An ICO will pay you to apply for a certification. You will then spend many hours thoroughly reviewing everything about them in order to determine that they're at least basically sane. Some things that you should maybe check:

 - If they're planning on creating software, require that they have the software already 5% done, preferably with a working proof-of-concept that you can play around with. Check that they haven't just filled a github repo with copy-pasted garbage code from elsewhere which doesn't actually do anything relevant.
 - If they're planning on operating a real-world business (solar, mining, etc.), check that they have a registered business somewhere. Do a background check on all involved individuals. Require that they have some of the necessary assets (property, etc.) already purchased, and verify this using public records, etc.
 - Check that there are no reasonable open scam accusations against anyone involved.
 - If smart contracts are used, verify that the English terms match the smart contract terms. If there's any way for the smart contract terms to be changed, make sure that this is specified in the English terms.
 - After reading all of their public info, ensure that there is no deception or any glaring holes.
 - Check their website for copy-pasted text, photoshopped images, and fake people.

If they fail your criteria, then you should not certify them. That's important. If you just give a certification to everyone who pays you, you're useless. You should keep the application fee even if they fail, though in some cases you could allow them to reapply for certification after failing with a reduced fee.
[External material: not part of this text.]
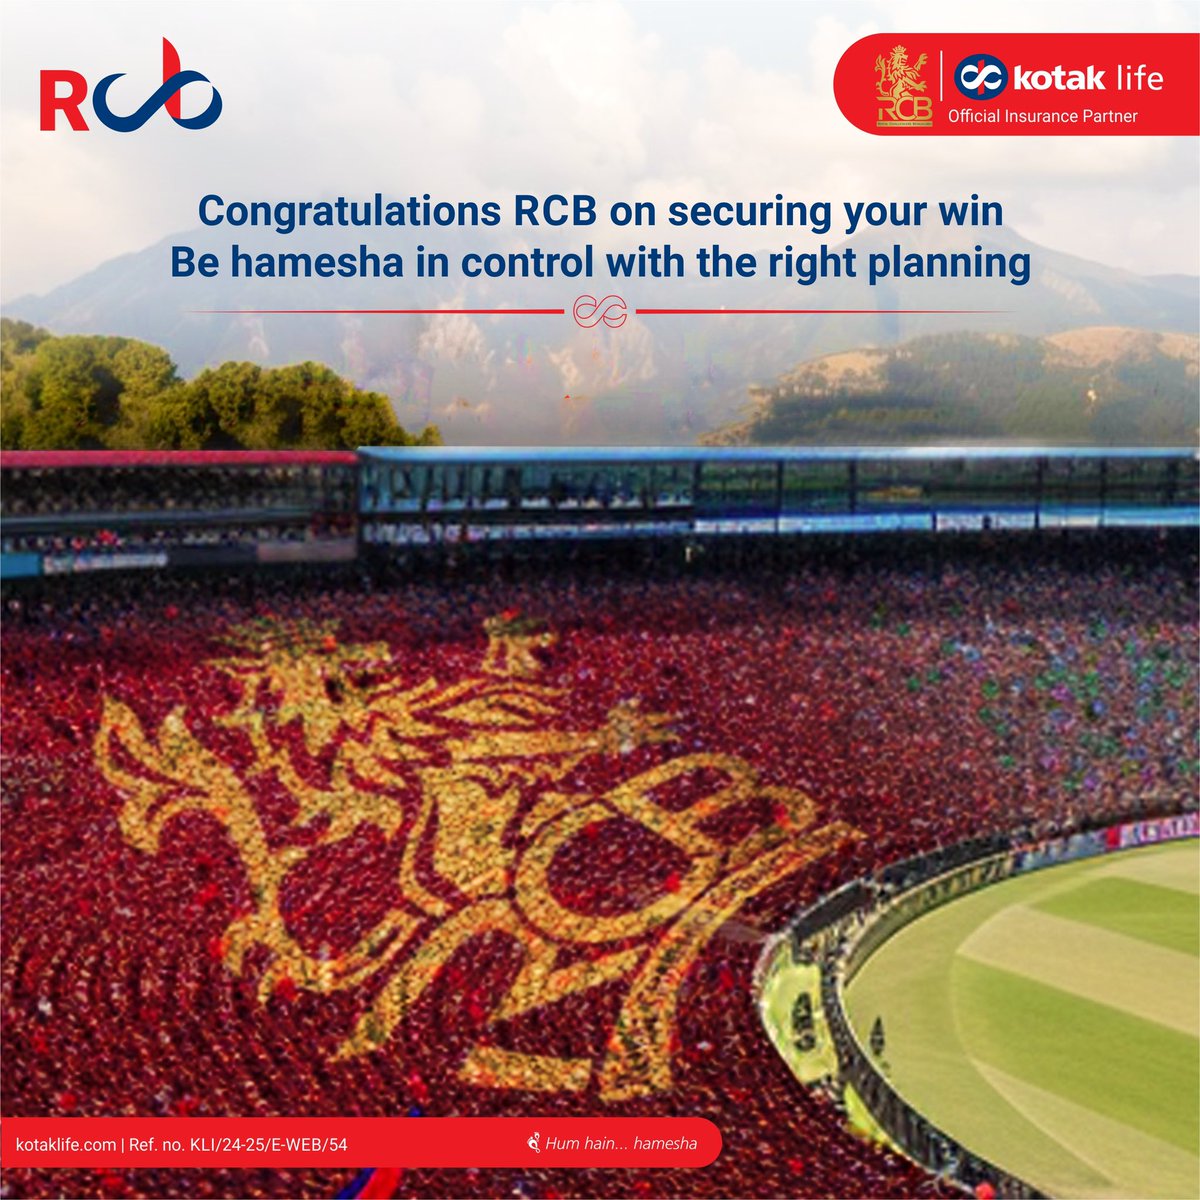 Our men in red continue the winning streak with another victory. Just like Team RCB, you can also secure your way to success with the right planning. T&C: bit.ly/3PvqsyJ #KotakLife #HameshaWithRCB #ipl2024 #lifeinsurance

Your goal should be to eventually be able to publish a statistic like, "99% of ICOs I certified did not turn out to be scams." You should not attempt to certify that ICOs will actually appreciate in value or anything -- that'd be far too difficult --, but just that the collected money will be used as advertised.

Once I notice that a good, trustworthy certification service like this exists, I will require that ICOs wanting to advertise on the forum receive such a certification. (If/when there are multiple good certification services, I will publish a list of ones I consider acceptable.) So you'll get a built-in market from this, and even if an ICO has no interest in advertising on the forum, acquiring a widely-trusted certification has significant value in itself.